Шрифт:
Интервал:
Закладка:
Монео безмолвно взглянул в глаза Лето.
— Учись жизни на моем примере, — сказал Император.
— Господин? — шепотом сказал Монео.
— Сначала меня искушают злом, потом добром. Каждая такая попытка обставляется в зависимости от моей подверженности внешним воздействиям. Скажи, Монео, если я выберу добро, то стану от этого добрее?
— Конечно, господин.
— Вероятно, ты никогда не избавишься от привычки судить, — сказал Лето.
Монео отвернулся и снова начал смотреть на край русла реки. Лето перевернулся, чтобы увидеть, что так внимательно разглядывает его мажордом. На берегах каньона были высажены карликовые сосны. На влажных лапах висели капли росы, каждая из которых сулила Лето боль и страдания. Он очень хотел бы закрыть защитный колпак, но жемчужины, висевшие на ветвях, привлекали его какими-то воспоминаниями, хотя и отталкивали его тело. Эти синхронные, разнонаправленные желания, вызвали у Лето настоящее смятение.

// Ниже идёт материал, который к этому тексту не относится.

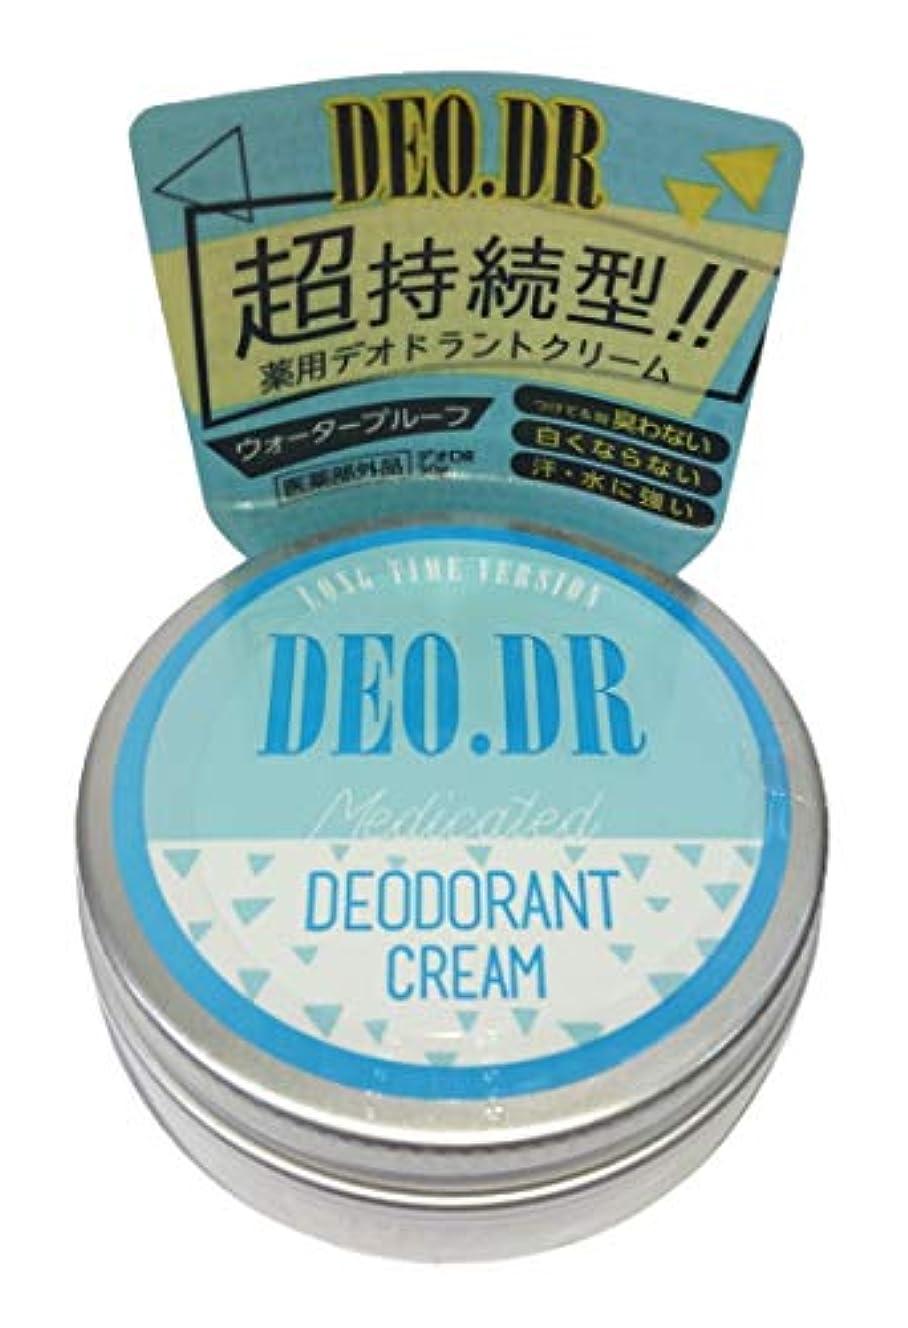 最適履歴書提案デオDR (DEO.DR) 薬用クリーム 【医薬部外品】 2個セット
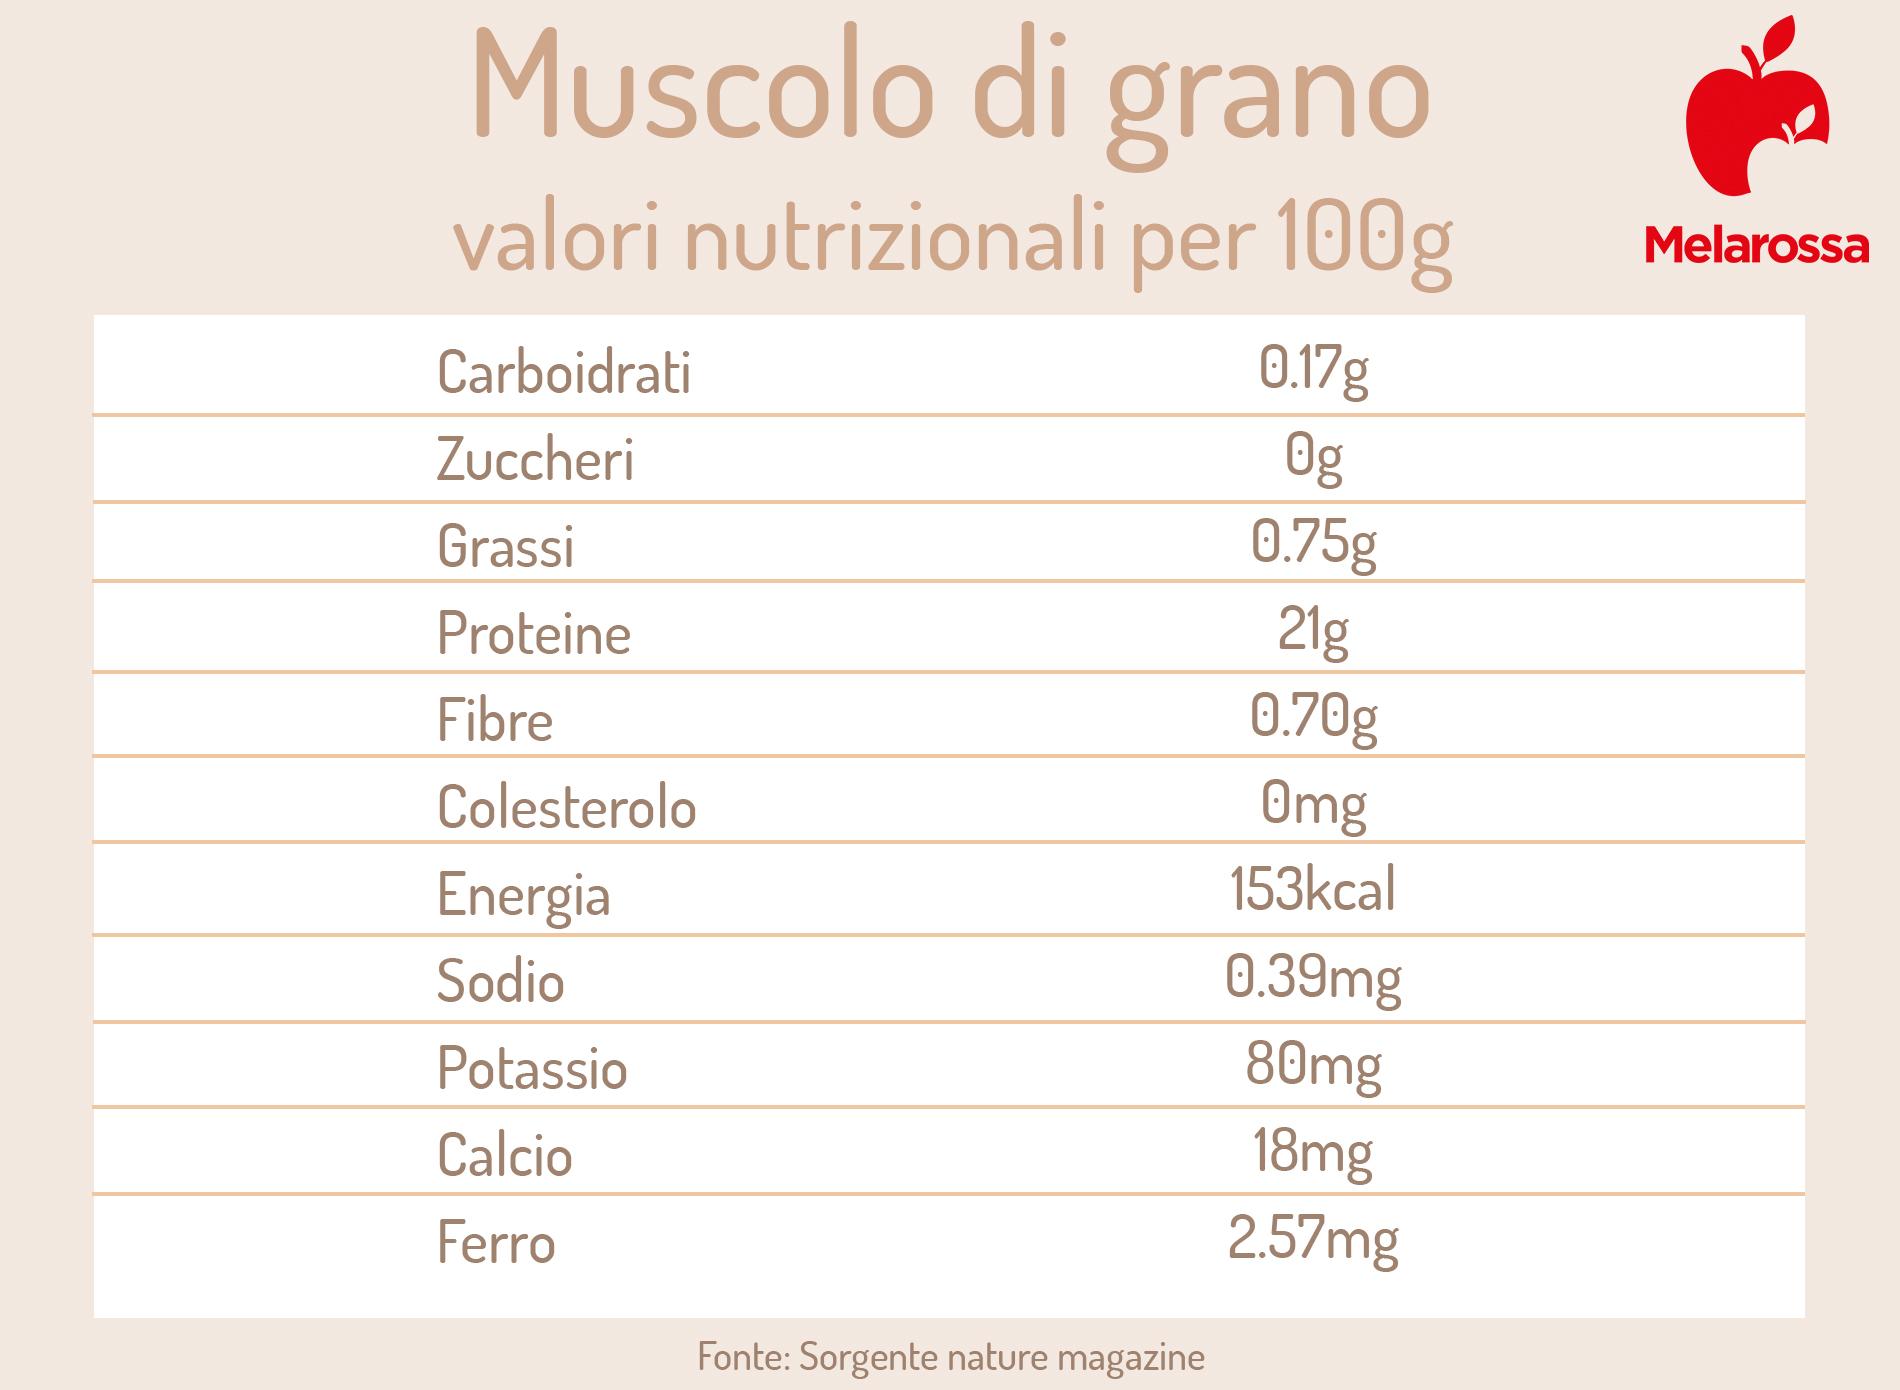 muscolo di grano valori nutrizionali

— Просто я не люблю ходить пешком, — сказал Монео.
— Таков был фрименский обычай, — возразил Лето.
Монео вздохнул.
— Все остальные будут готовы через несколько минут. Хви завтракала, когда я выходил.
Лето ничего не ответил. Его мысли блуждали в глубинах памяти ночи — одной из многих тысяч, которые переполняли его прошлое — облака и звезды, дожди и чернота разверстого космоса, ночная вселенная, от одного вида которой у Лето начинало сладко биться сердце.
— Где ваша охрана? — внезапно спросил Монео.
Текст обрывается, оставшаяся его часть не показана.